The data Block Start

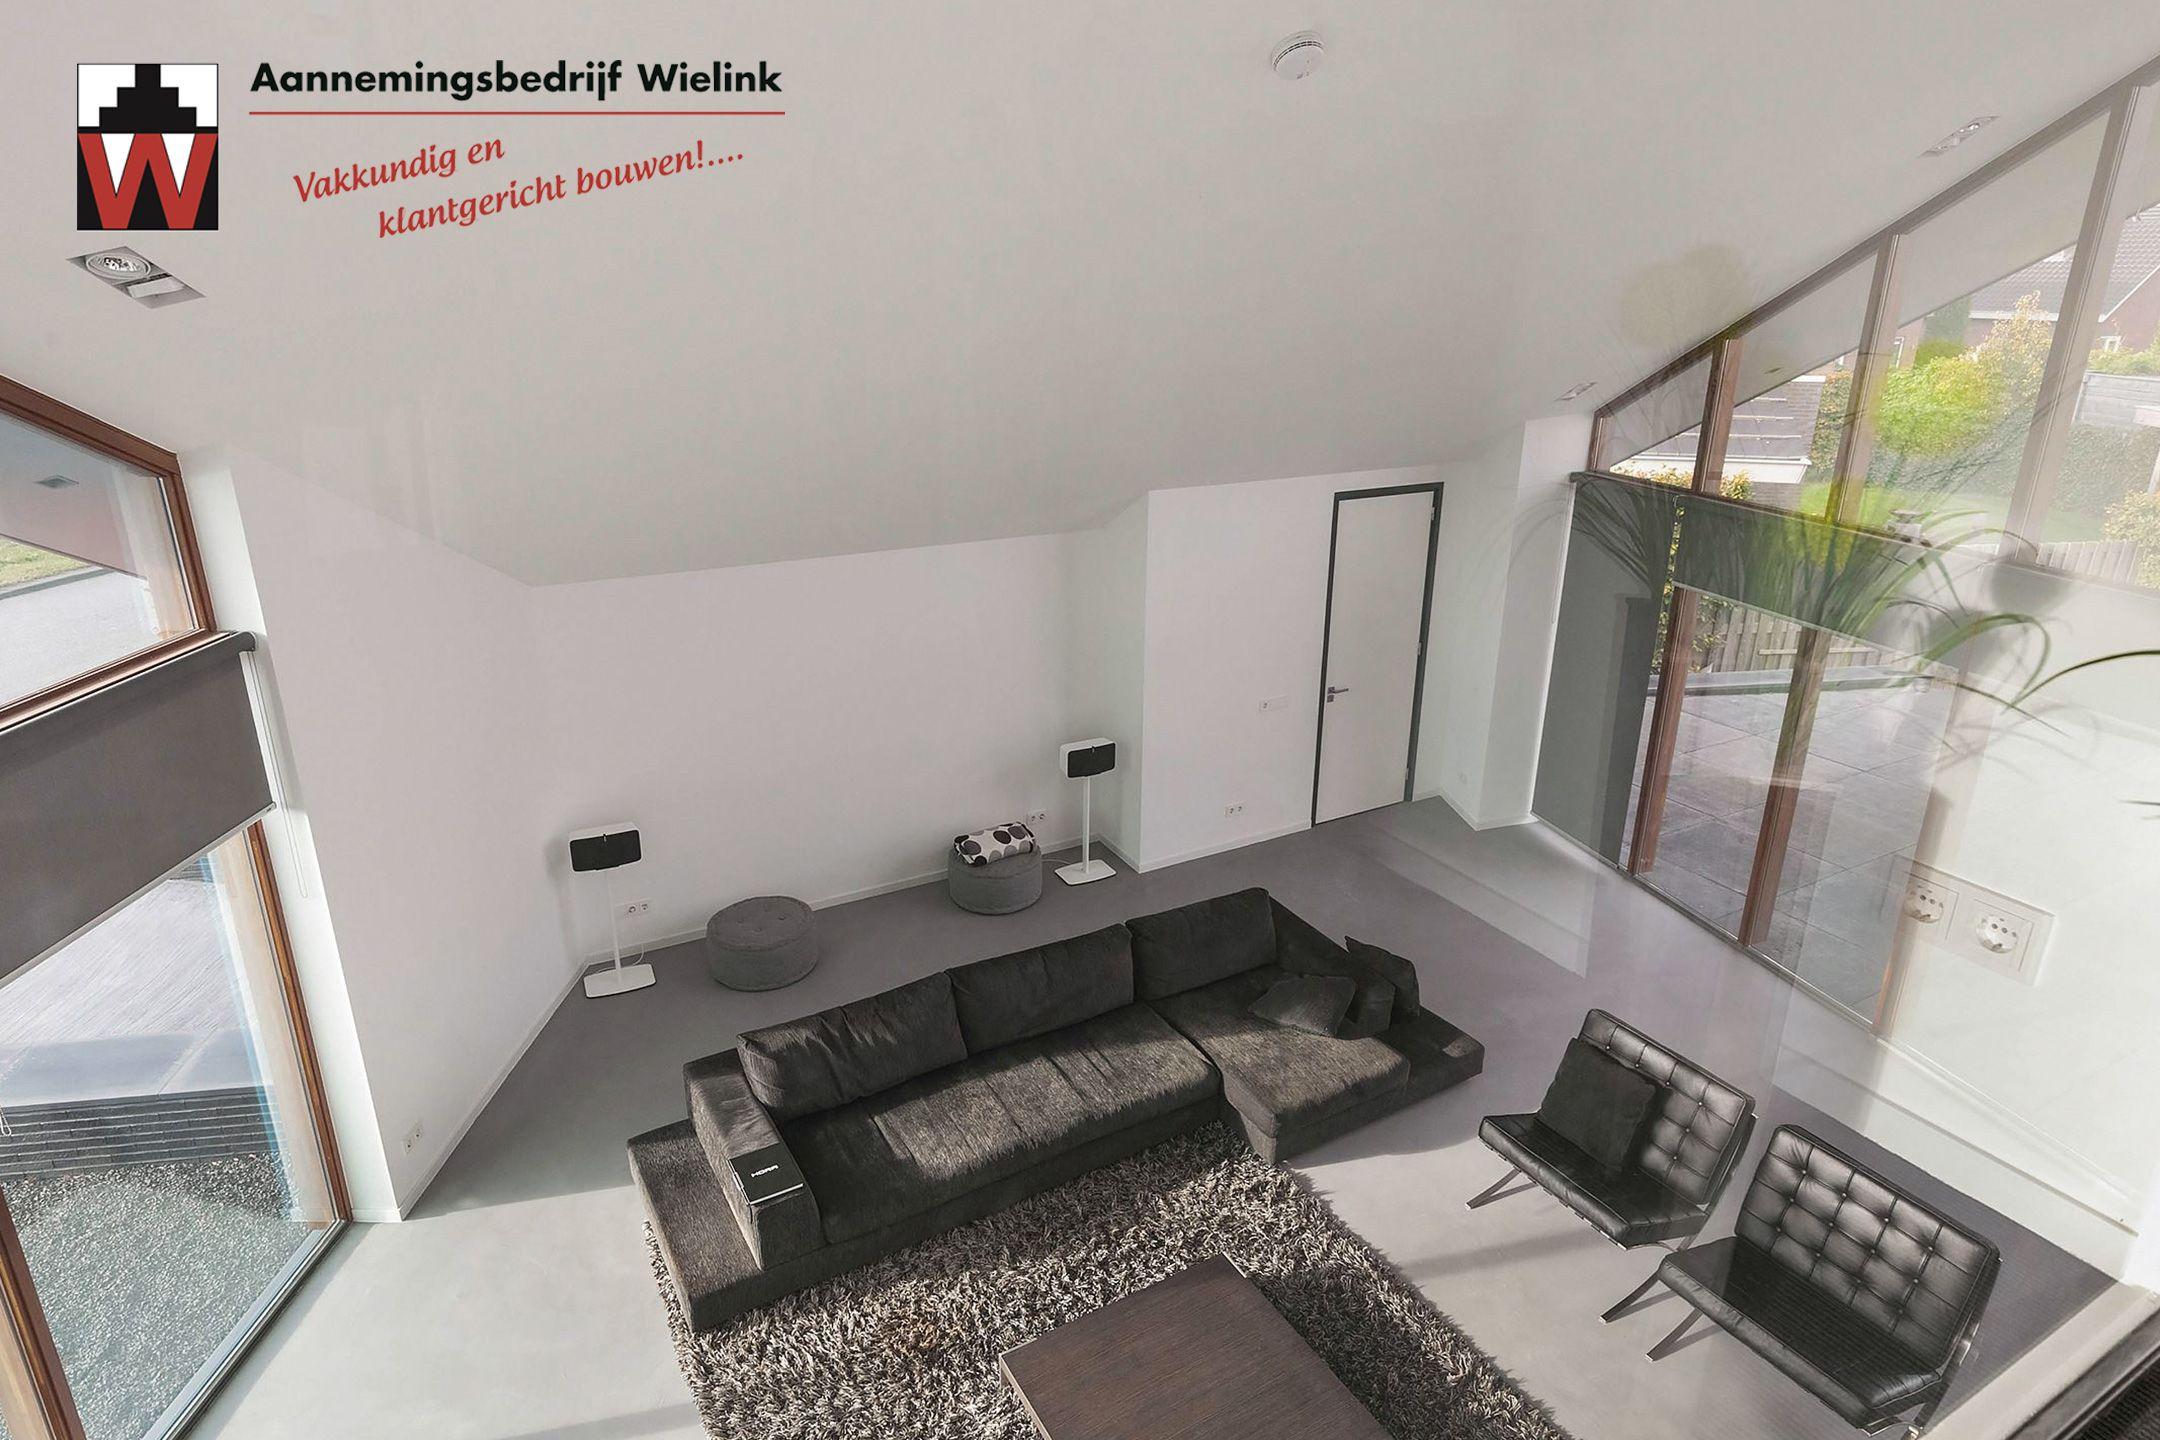 Modern Interieur Woonkamer : Strak en modern interieur modern interieur inspiratie
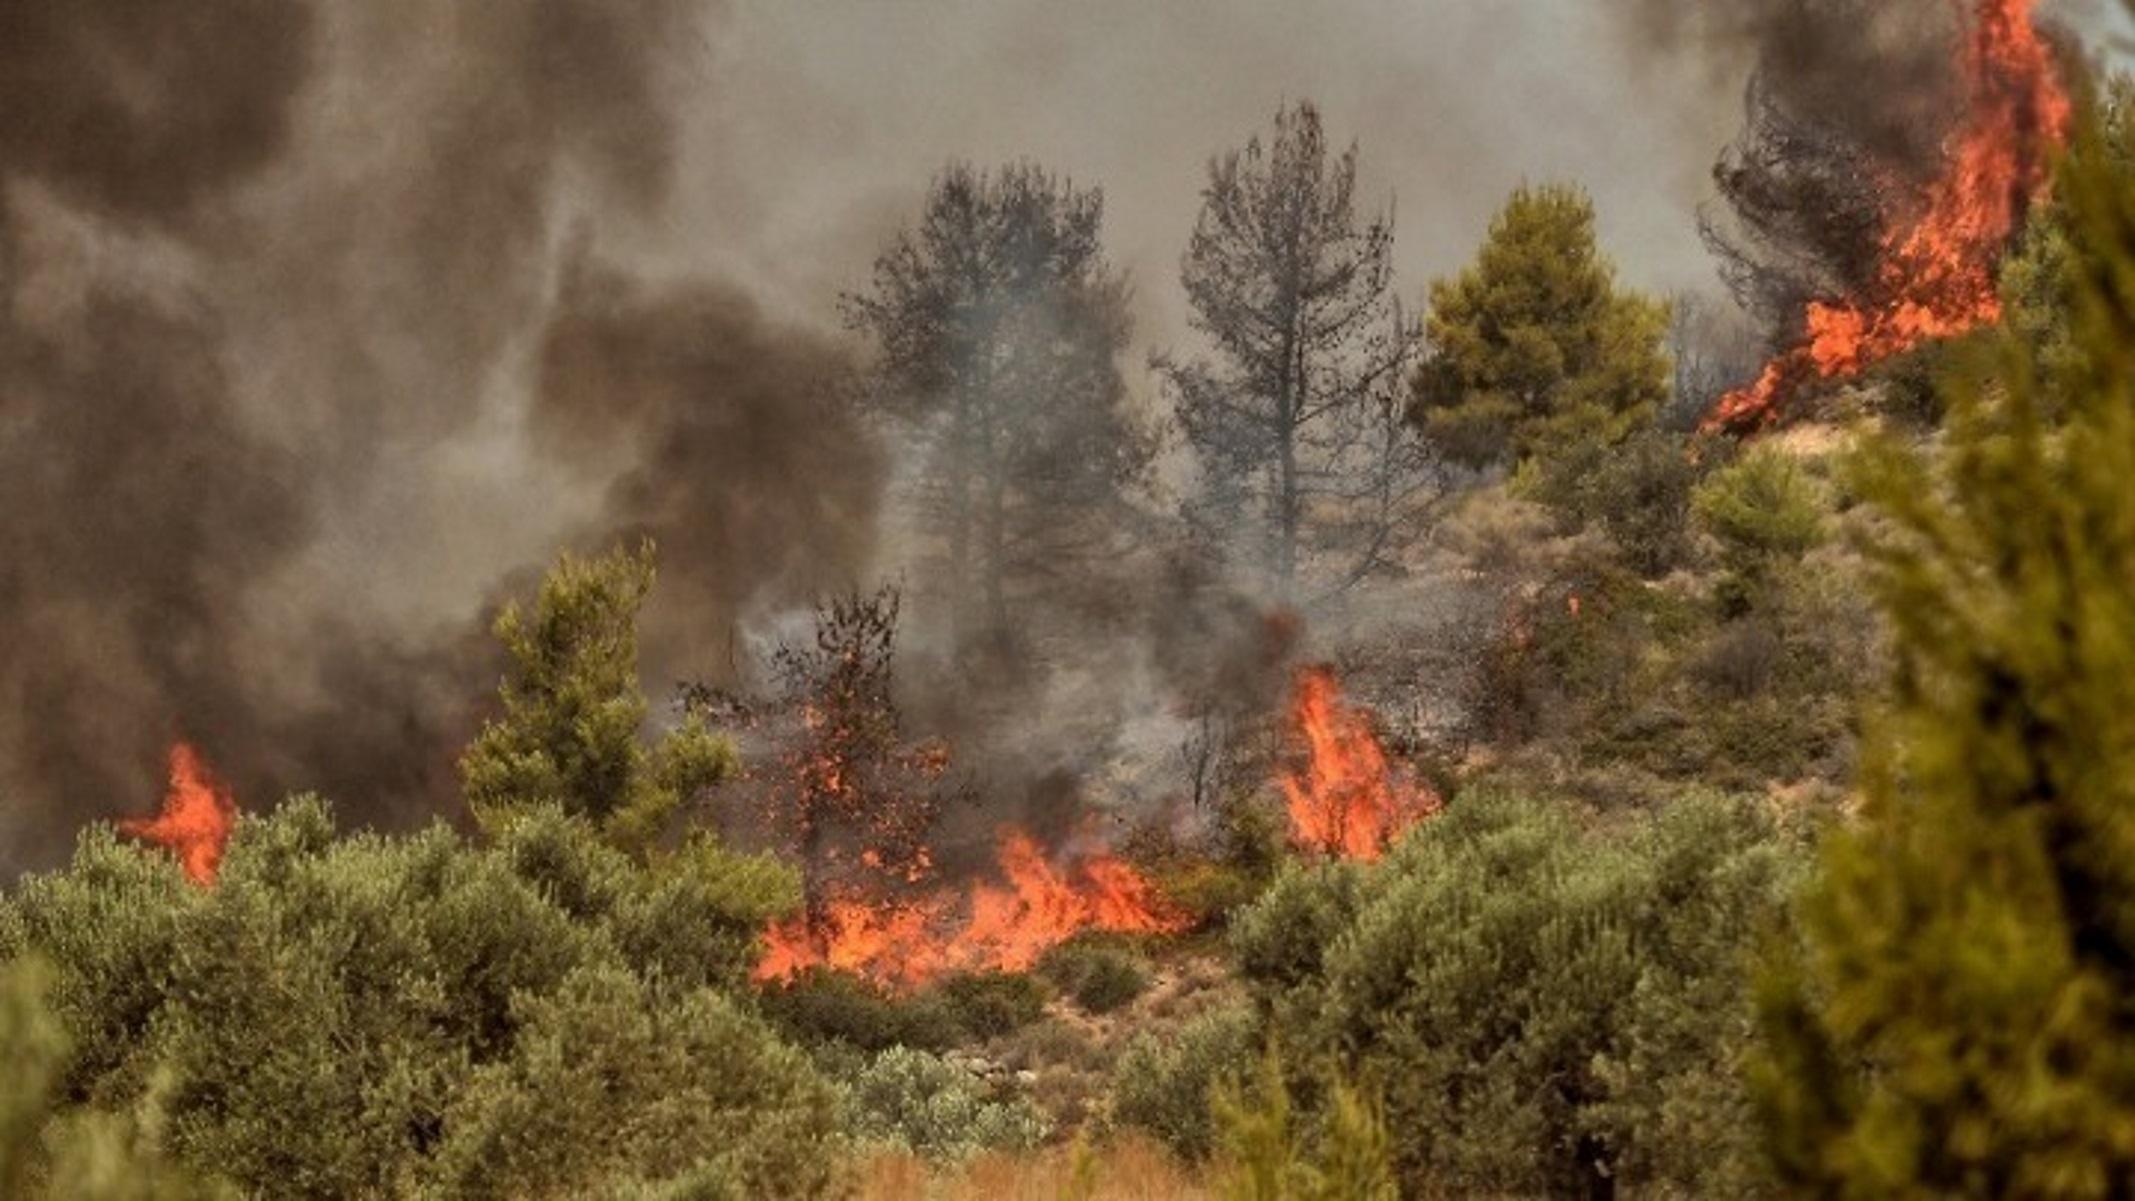 Σε πύρινο κλοιό η Κύπρος: Φωτιές σε Λεμεσό, Λάρνακα και Λευκωσία
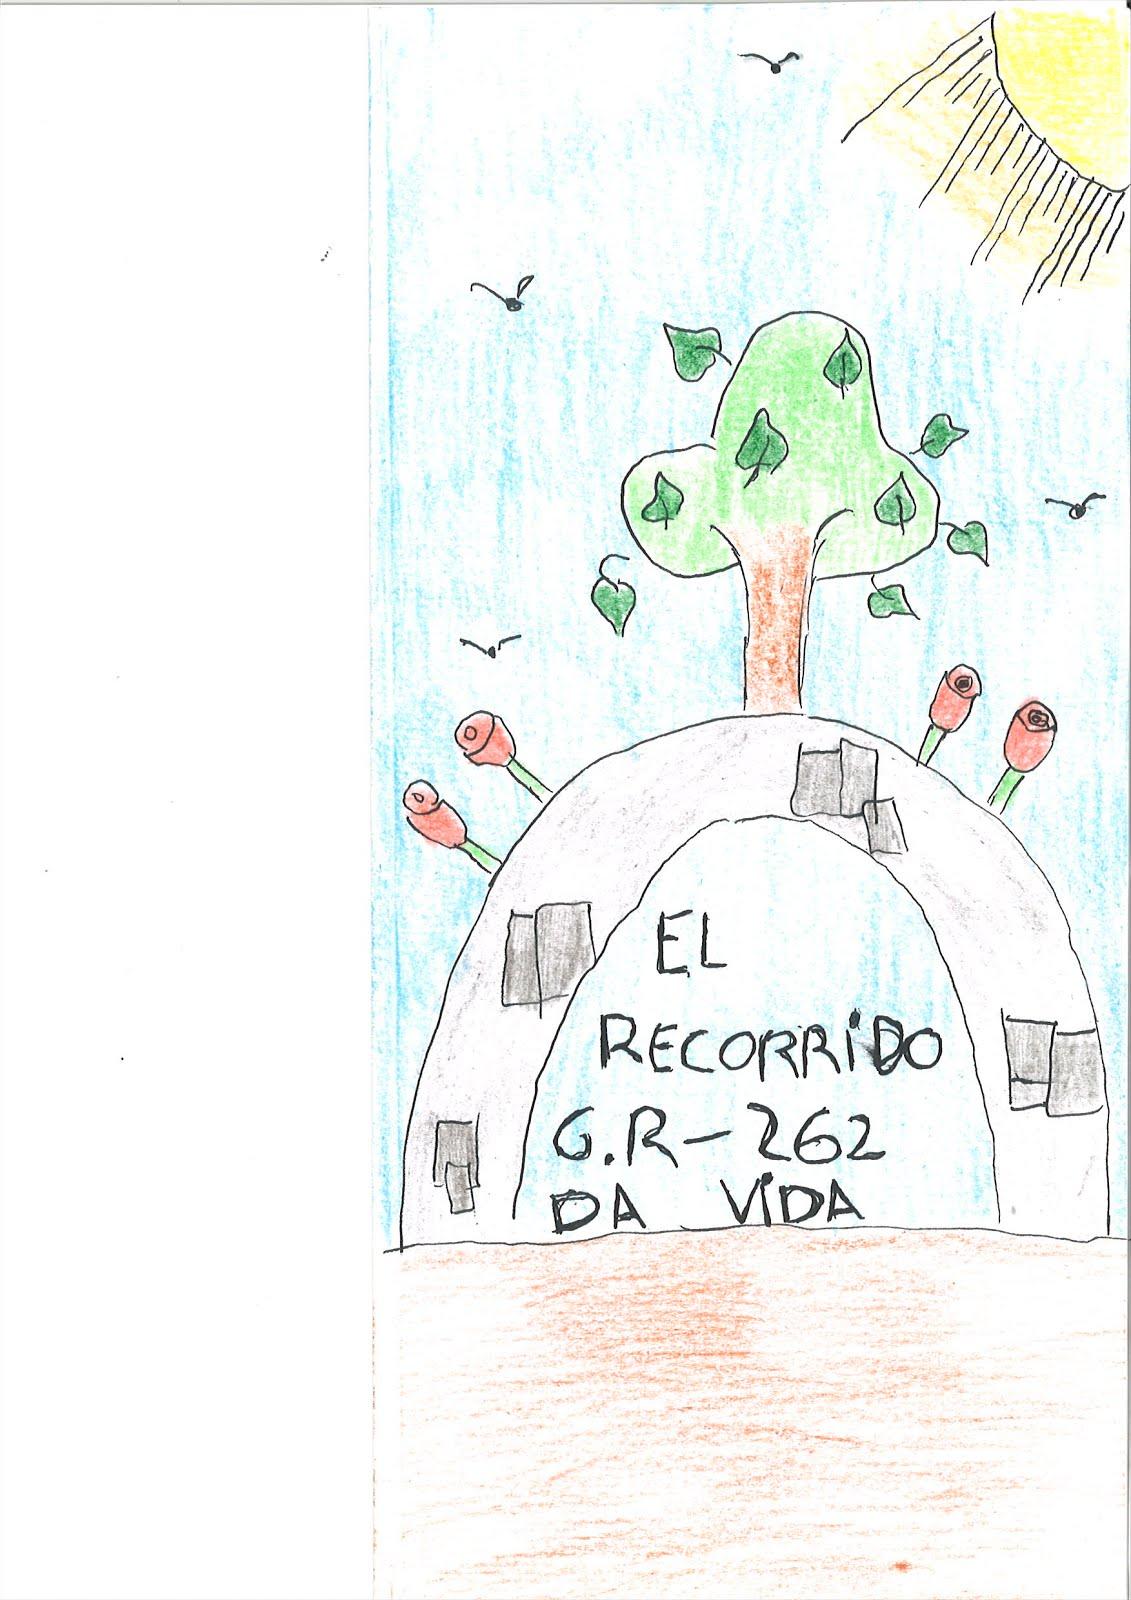 Ruta botánica por el GR262
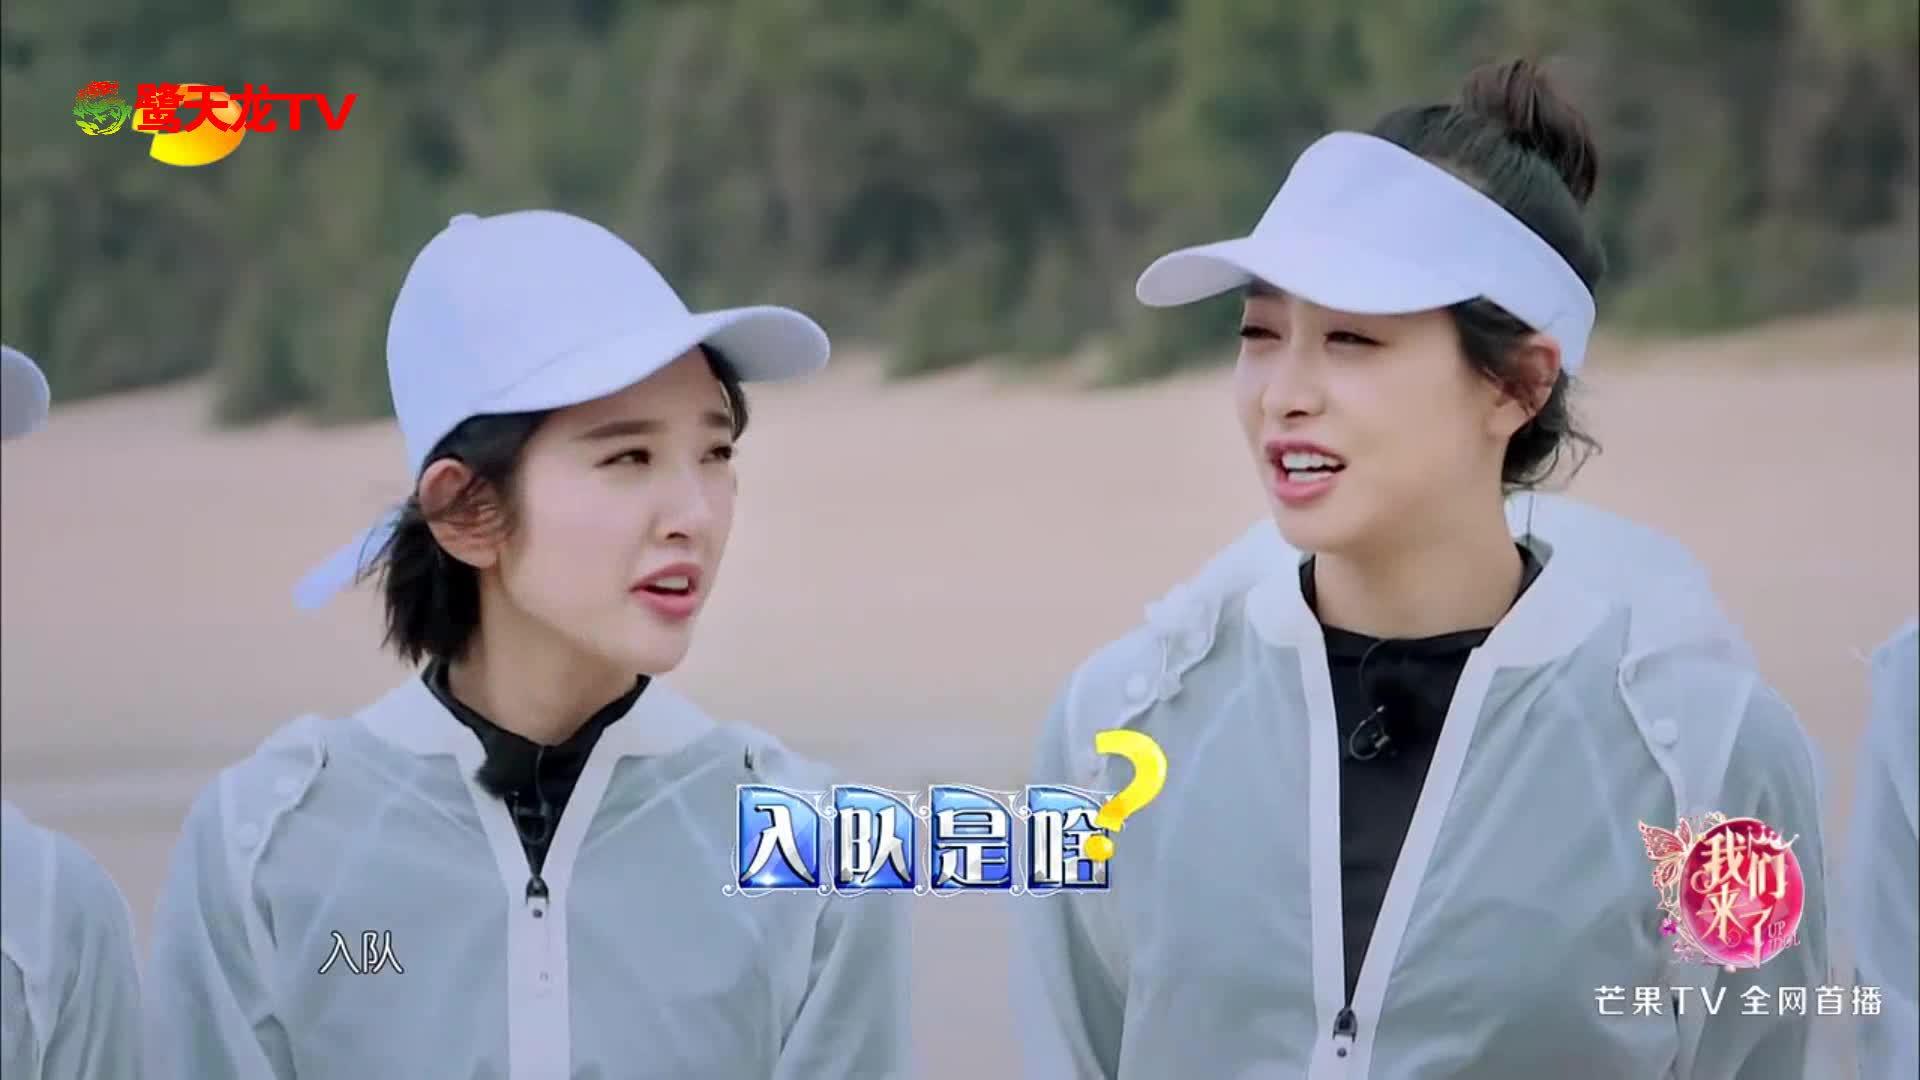 唐艺昕陈妍希谁更高? 比一下就知道了

The data Block End

Required action:
Omit the pictures, then copy out all the data exactly as it stands.

Finished task:
 Modern Interieur Woonkamer : Strak en modern interieur modern interieur inspiratie
 Σε πύρινο κλοιό η Κύπρος: Φωτιές σε Λεμεσό, Λάρνακα και Λευκωσία
 Ruta botánica por el GR262
 唐艺昕陈妍希谁更高? 比一下就知道了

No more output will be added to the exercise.